Le coffret était doublé de feuilles de plomb et les papiers se trouvaient en vrac à l’intérieur. Constantin s’assit par terre et souleva le rat-de-cave pour pouvoir lire. Au bout d’un long moment, il releva la tête et dit :
— Intéressant, frère Siméon. Je vois bien que vous étiez parfaitement innocent dans cette affaire. Et je peux vous assurer que les autorités responsables de Constantinople seront mises au courant de votre innocence dès mon retour.
« Et comment ! » se dit Constantin. Outre les habituelles divagations des ermites sur « la lumière incréée », le frère Siméon avait conservé un récit de sa disgrâce. Apparemment, il avait découvert la preuve de la naissance de « l’enfant bâtard » et communiqué le secret au père Katalakon qui s’était rendu auprès de Joannès avec l’information en dépit des objections de frère Siméon. Joannès avait immédiatement enfermé le père Katalakon au Néorion, et avait envoyé quelques sbires pour se saisir de l’infortuné frère Siméon et le conduire au même endroit. Mais les moines avaient caché frère Siméon et l’avaient fait filer jusqu’à ce sanctuaire, où il avait terminé ses jours.
Constantin se pencha de nouveau vers les parchemins, certain que la lettre cruciale devait se trouver parmi les documents. Mais non. Il arracha la doublure de plomb : rien. Il parcourut de nouveau les parchemins, puis il comprit et faillit éclater en sanglots. C’était Joannès qui détenait la lettre…

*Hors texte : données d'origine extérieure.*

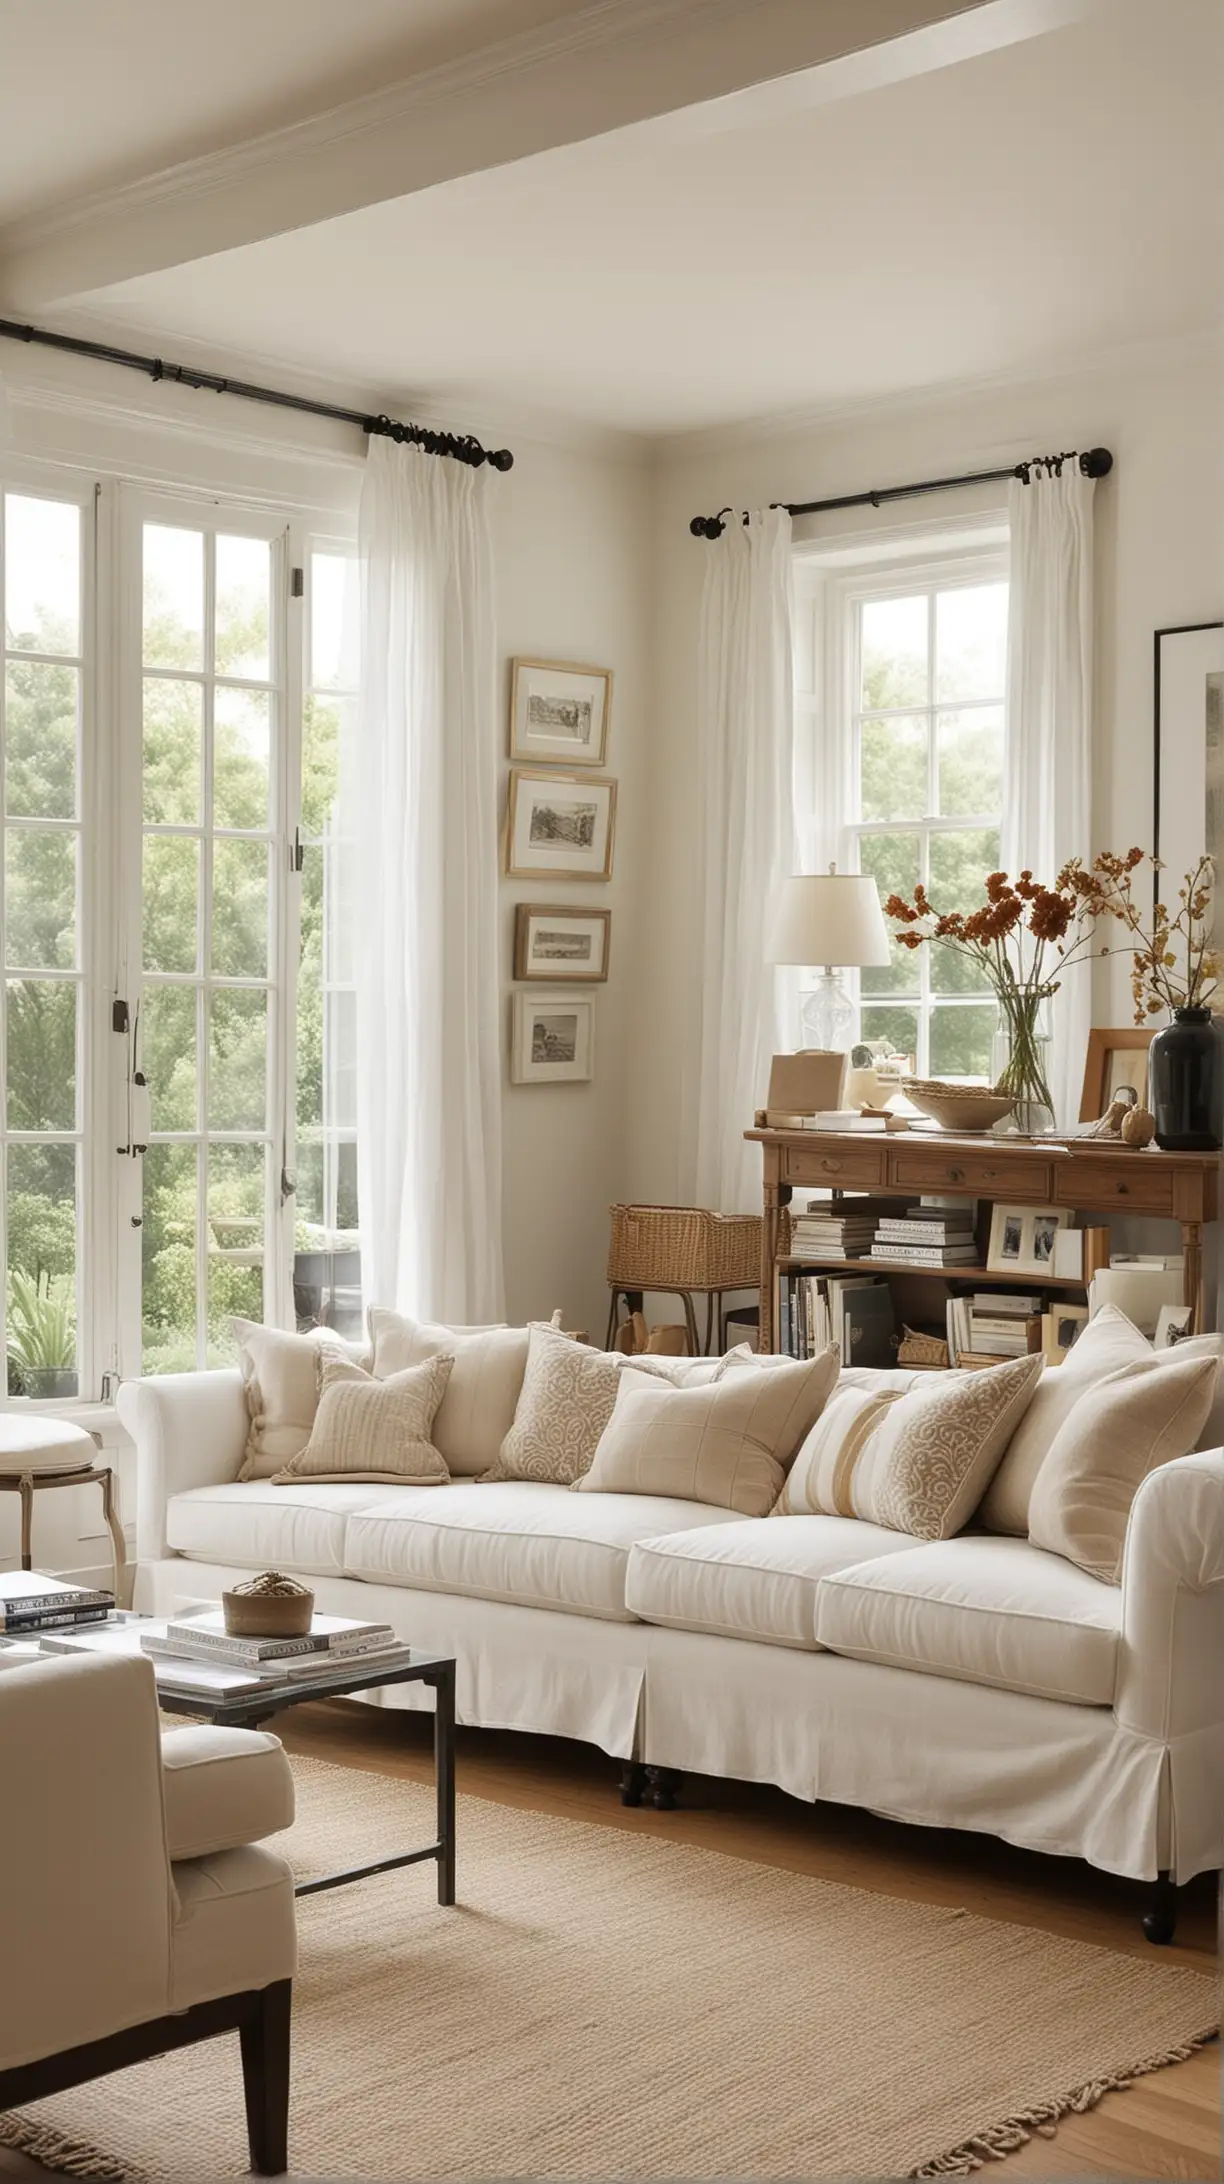 Create picture for Nancy Meyers Living Room and make sure it should be attractive and realistic. Make sure that every single object in the picture should be clear means full overview of the idea not a single object. The idea could be related to one or two items changing in the whole living room but you have to first analyze the theme and then create a whole picture of living room while implementing that idea into it. Only create one image to demonstrate the whole idea please. Here's the idea to create the picture [White Slipcovered Sofas

I love the idea of white slip-covered sofas because they're not only stylish but also incredibly versatile. They create a bright, welcoming feel in the living room and the best part? The slipcovers are easy to clean, making them perfect for homes that want both comfort and style without too much fuss.]

Tout n’était pourtant pas perdu. Il n’était pas inconcevable que le père Katalakon fût encore vivant. Et d’ailleurs, le simple fait de connaître le crime que Joannès avait commis et le secret qu’il avait étouffé serait utile…
Non. Constantin comprit soudain le désespoir extrême de sa position : assis dans la nuit chaude de Cappadoce avec un moine sans guère plus de cervelle que de nez, il essayait d’arracher des secrets à un tas d’os puants, alors que son neveu était peut-être déjà en train de chanter des psaumes dans une île lointaine. Il eut envie de verser des larmes pour apaiser un peu son désespoir, mais il se dit qu’un homme de ses compétences ne devait pas se laisser abattre par de tels revers de fortune.
Il souleva sa chandelle pour inspecter la cave. Il y avait peut-être d’autres coffres. Non. Puis quelque chose scintilla dans les haillons de frère Siméon. Là, derrière la cage thoracique vide. Oui, c’était assez grand. Oui. Vraiment, oui.
— Frère Siméon, commença Constantin d’une voix que l’excitation faisait trembler. Je suis prêt à retourner à Constantinople pour plaider votre affaire. Mais pour pouvoir le faire, il faut que j’emmène cette lettre que vous avez scellée dans les feuilles de plomb puis cousue dans la doublure de votre habit. Excusez-moi, je vous prie… Je vais l’enlever.